--- WHAT THE TASK ASKS ---
Return the data below unchanged, without images.

** Opening DATA EXCERPT block **

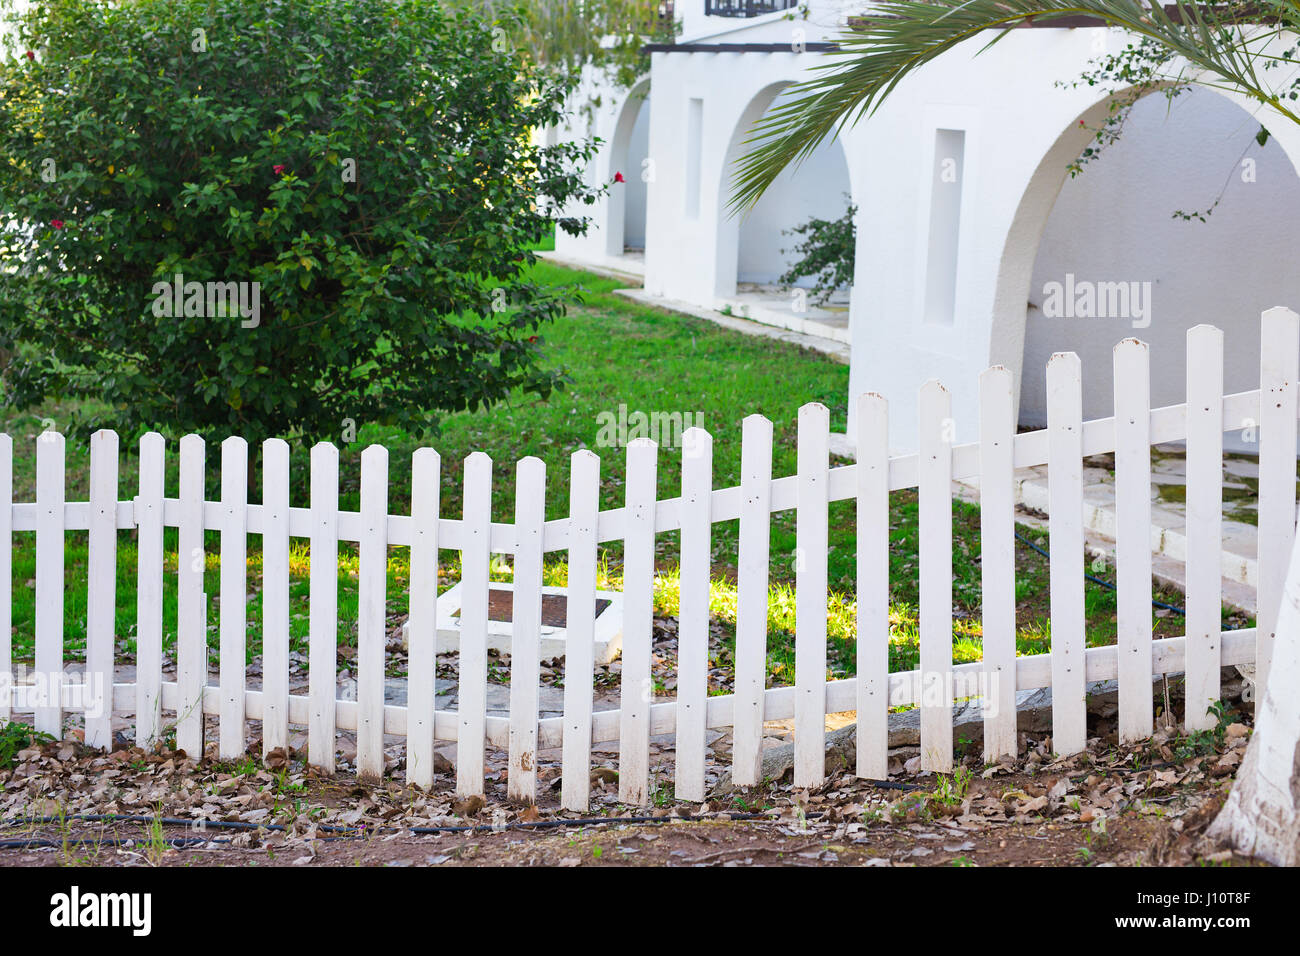 White Picket Garden Gate Stockfotos & White Picket Garden Gate
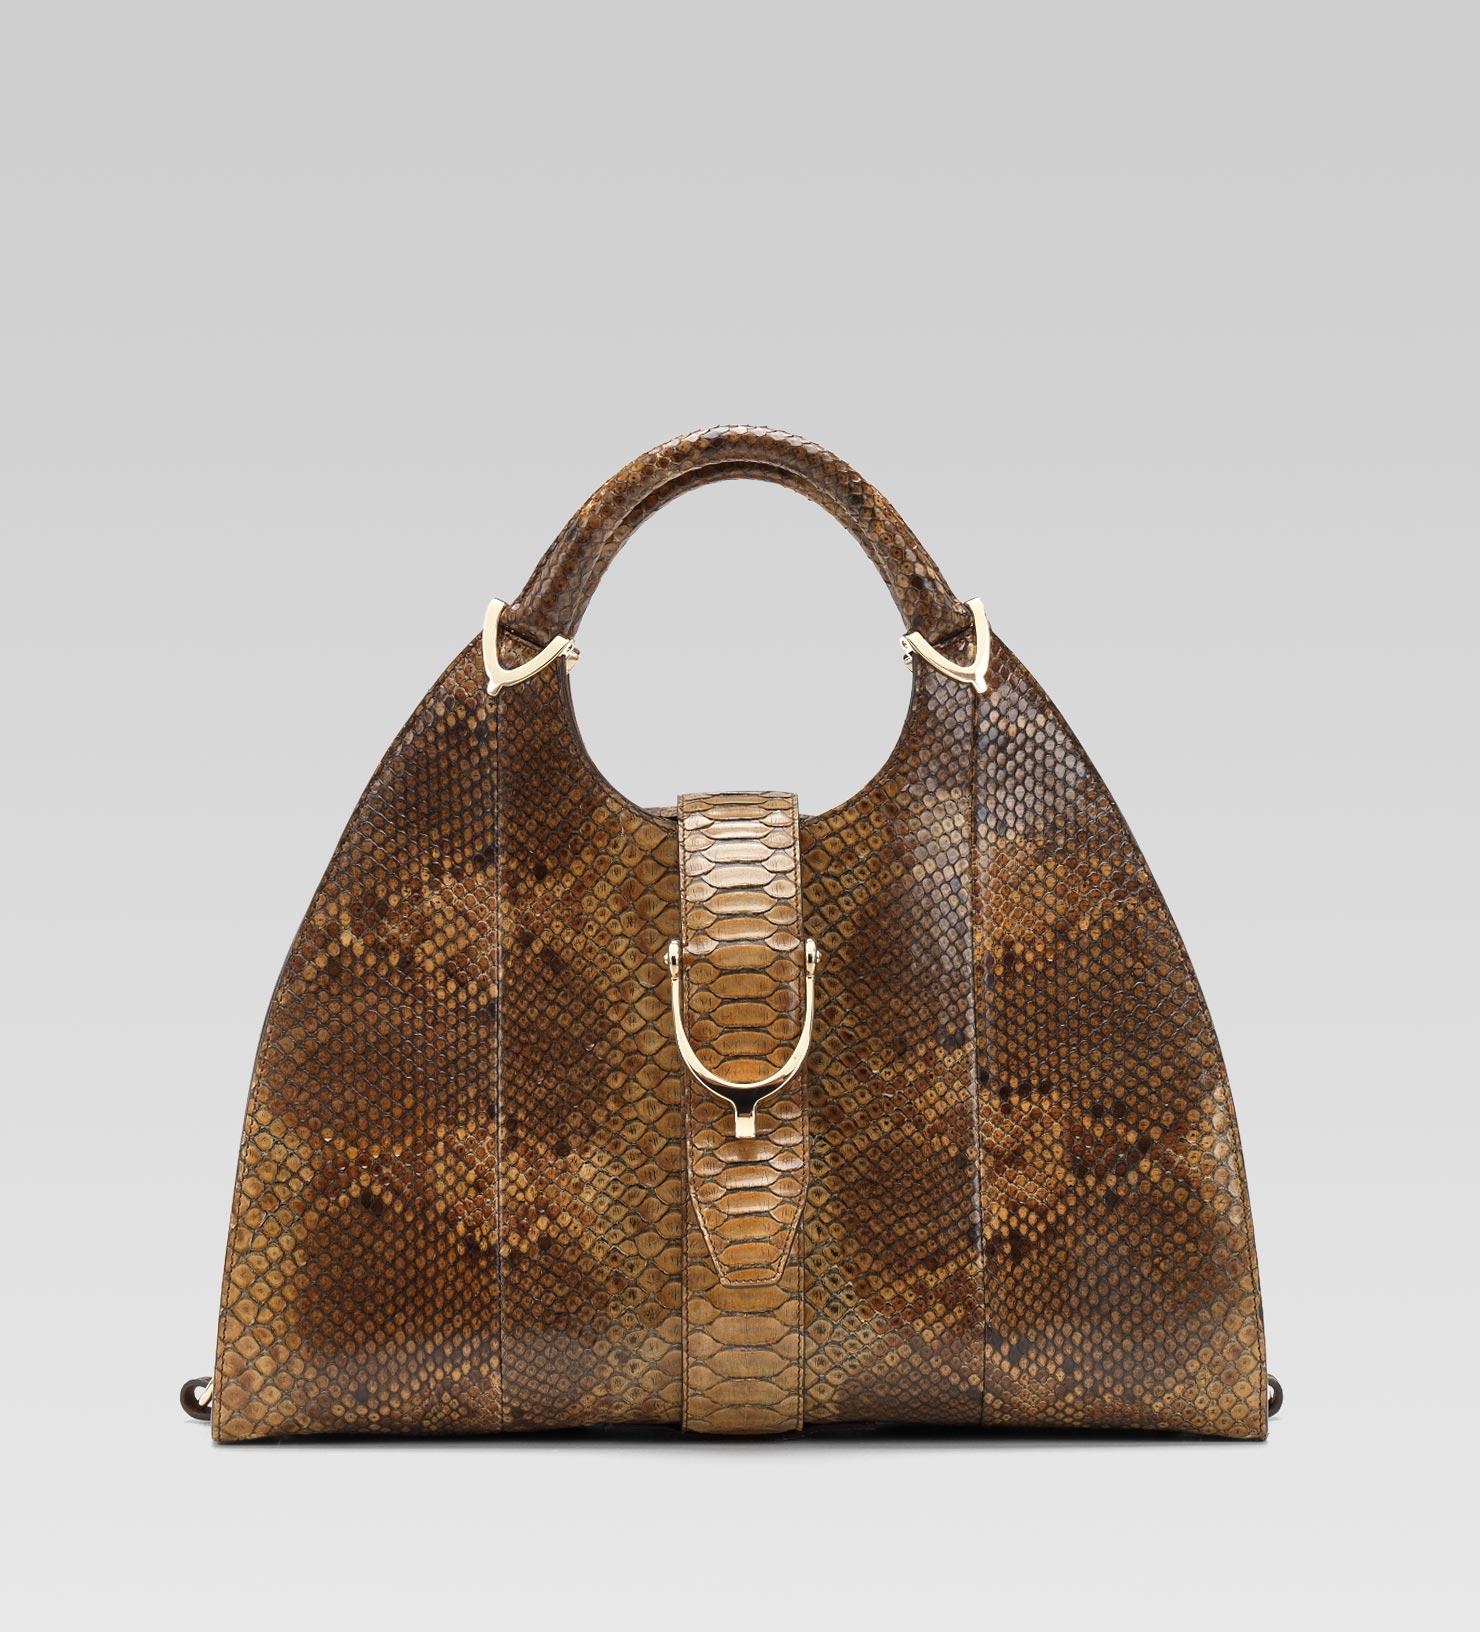 ddfe6552b08 Lyst - Gucci Stirrup Brown Python Top Handle Bag in Brown
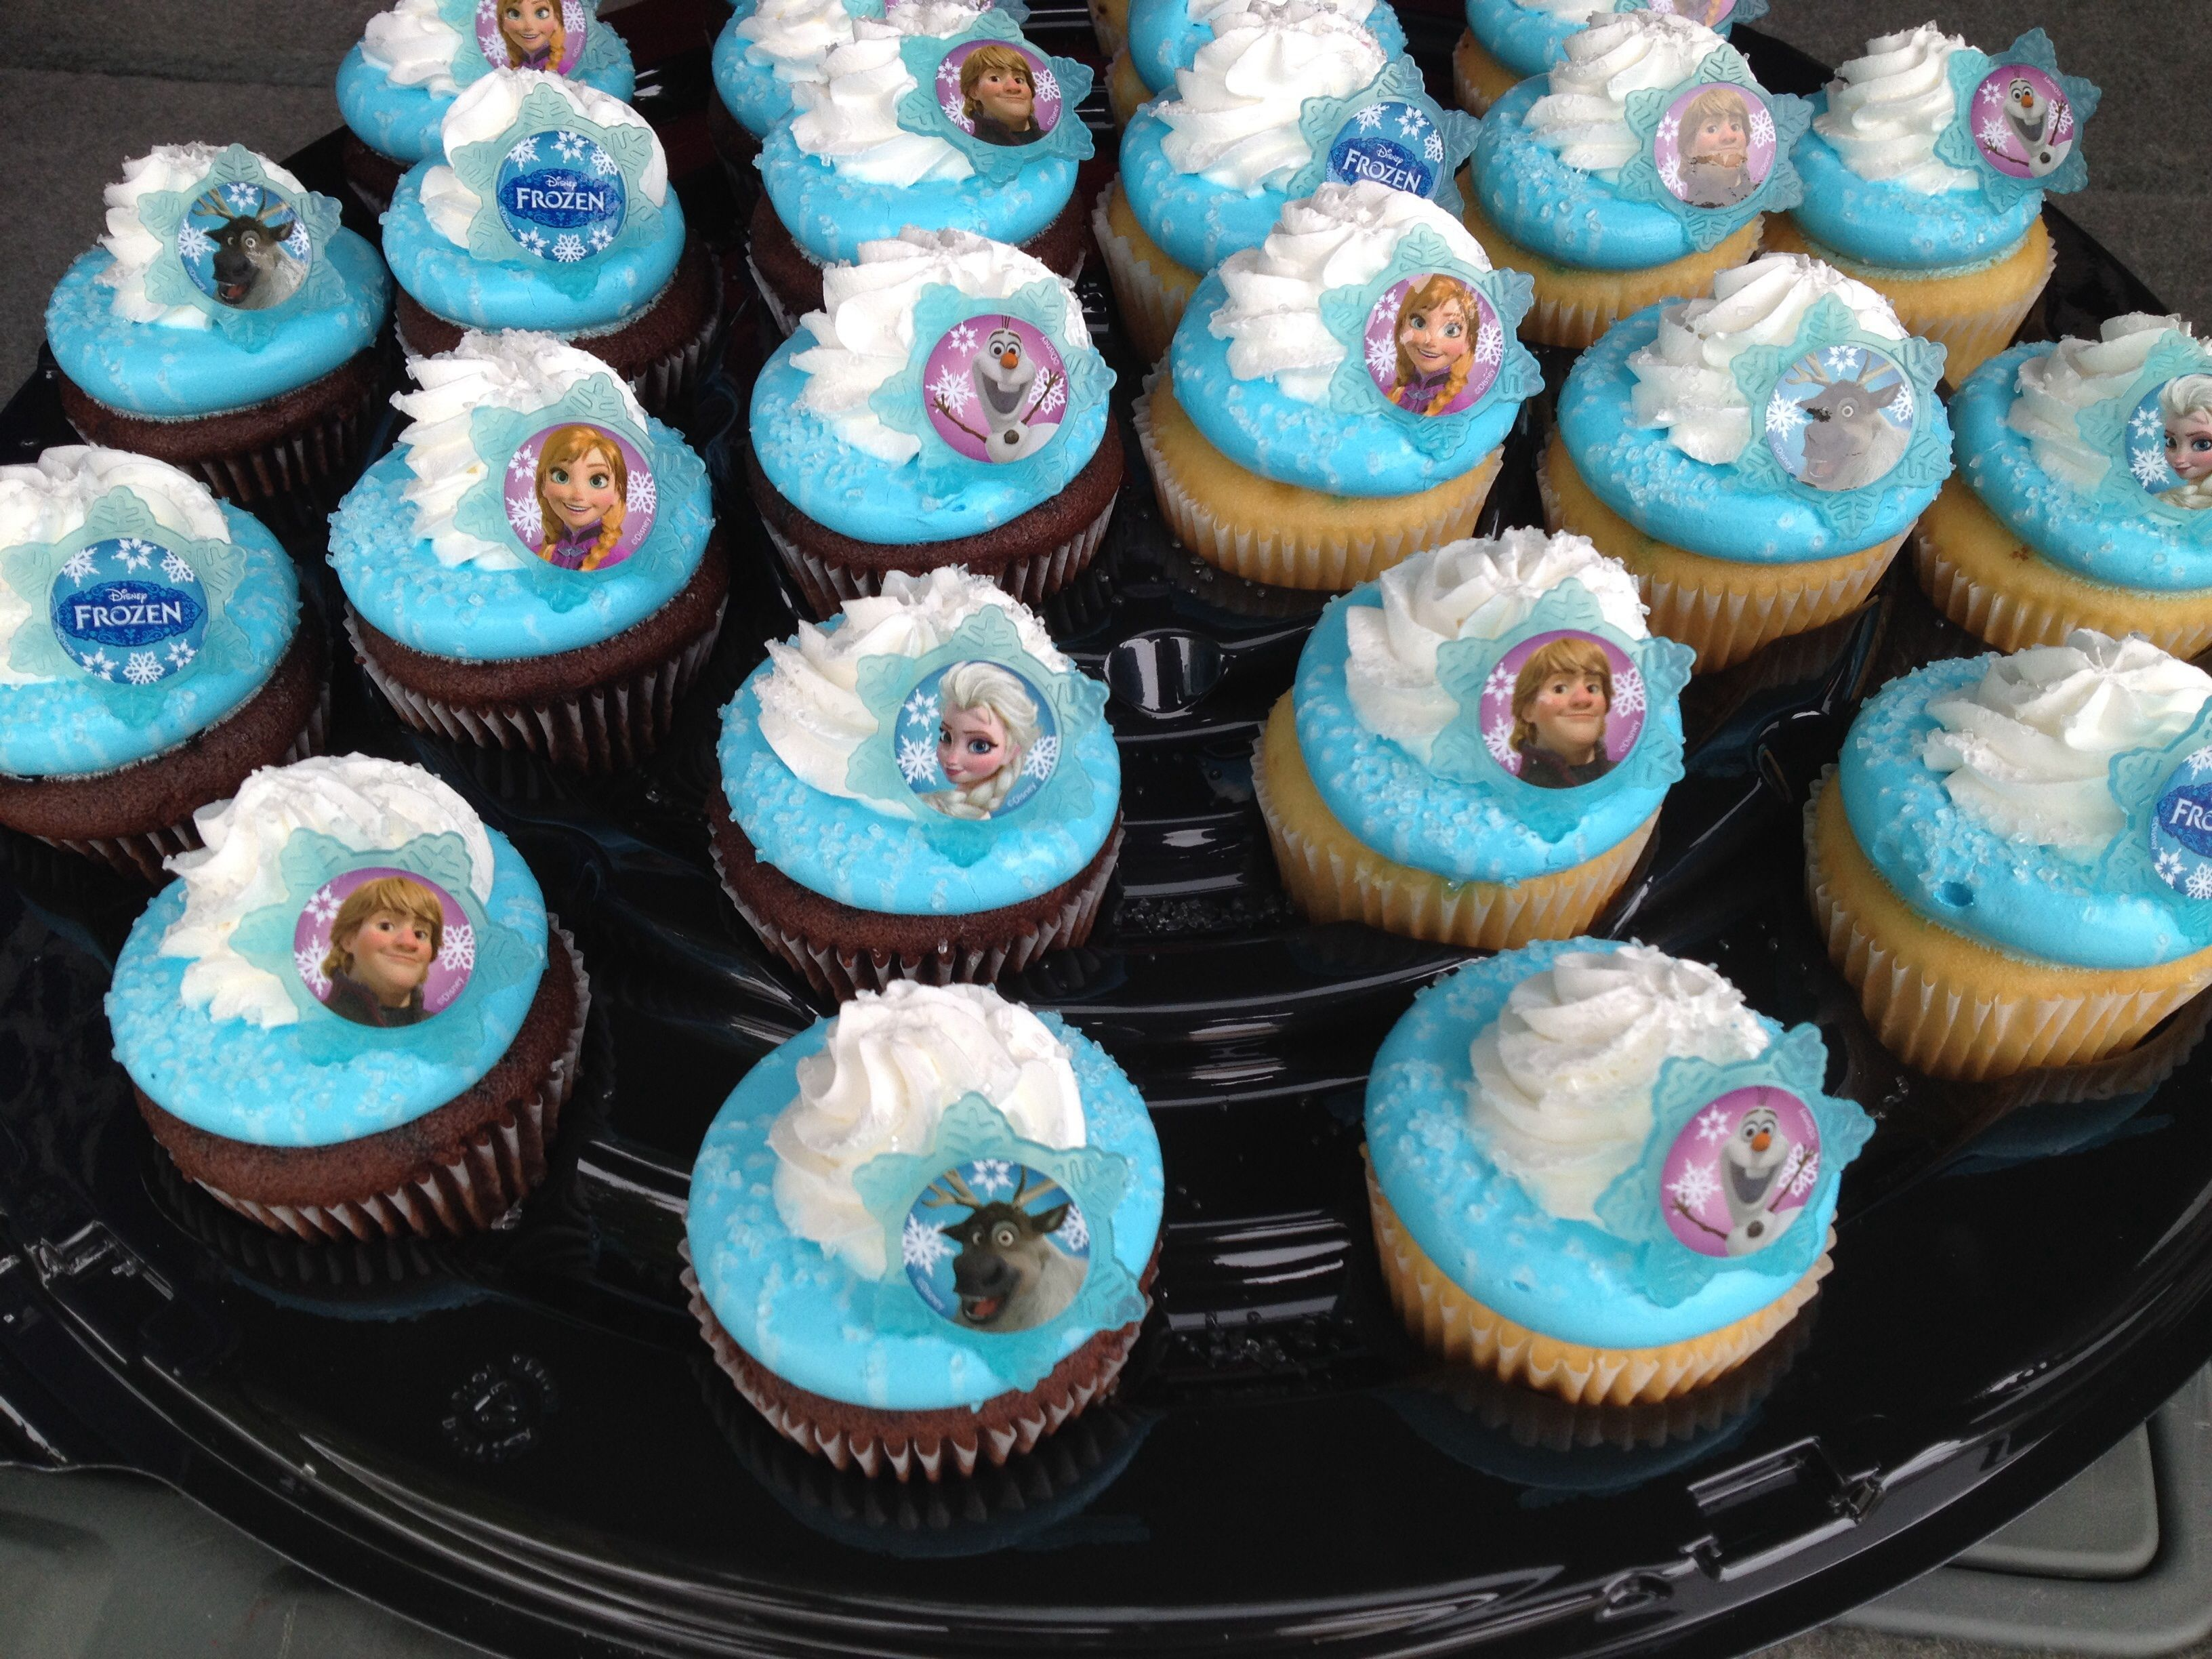 Disney Frozen Cupcakes From Walmart

** Closing DATA EXCERPT block **

--- RESULT BELOW ---
 White Picket Garden Gate Stockfotos & White Picket Garden Gate
 ddfe6552b08 Lyst - Gucci Stirrup Brown Python Top Handle Bag in Brown
 Disney Frozen Cupcakes From Walmart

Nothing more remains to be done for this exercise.